O CBD atua na enxaqueca através de várias alvos neurobiológicos simultâneos, o que o distingue dos analgésicos clássicos. Concretamente, modula os recetores 5-HT1A para regular a serotonina, bloqueia os canais TRPV1 para reduzir a nociceção, inibe a enzima FAAH para aumentar a anandamida endógena e diminui a expressão de mediadores inflamatórios como o CGRP e a iNOS. Este perfil de ação multi-alvo explica o interesse da investigação, embora as evidências clínicas ainda estejam em fase de consolidação.

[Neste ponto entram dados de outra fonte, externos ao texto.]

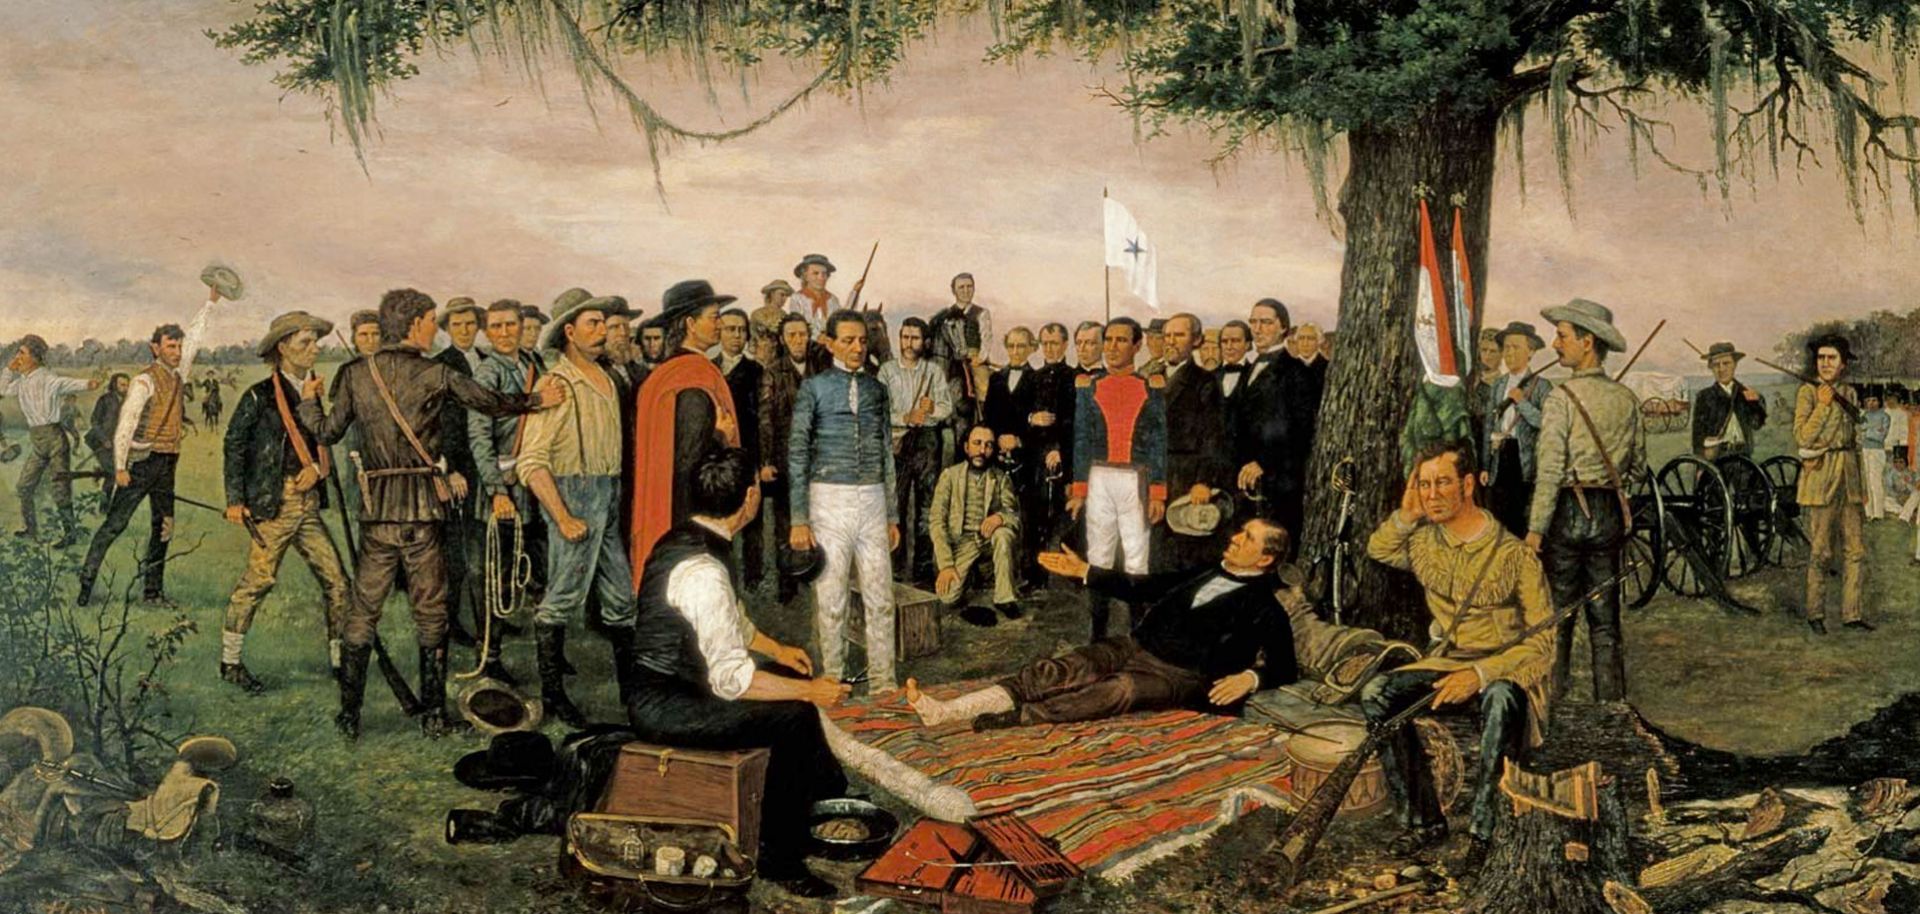 The surrender of Mexican Gen. Antonio Lopez de Santa Anna after the Battle of San Jacinto capped an unlikely victory for the Texians under Gen. Sam Houston that set the modern relationship between Mexico and the United States.

Os pontos essenciais a reter desde já:

  • Recetores 5-HT1A: o CBD estimula estes recetores serotoninérgicos, contribuindo para reduzir a frequência das crises
  • Canais TRPV1: ao bloqueá-los, o CBD diminui a libertação de CGRP e retarda a cascata inflamatória trigeminal
  • Enzima FAAH: a sua inibição pelo CBD aumenta a anandamida, um endocanabinoide naturalmente analgésico
  • CGRP e iNOS: dois mediadores-chave da inflamação da enxaqueca cuja expressão é reduzida pelo CBD
  • Efeito anti-inflamatório cerebral: o CBD atua no sistema trigeminovascular em vez de ser apenas um analgésico simples
  • Tolerância: os efeitos secundários são geralmente ligeiros, o que favorece uma utilização a longo prazo

O que é a enxaqueca? Origens e mecanismos biológicos

A enxaqueca não é uma simples cefaleia. É uma doença neurológica complexa, caracterizada por crises recorrentes de dor intensa, frequentemente unilateral e pulsátil, que podem durar de algumas horas a vários dias. Afeta uma proporção significativa da população mundial, com uma clara predominância feminina.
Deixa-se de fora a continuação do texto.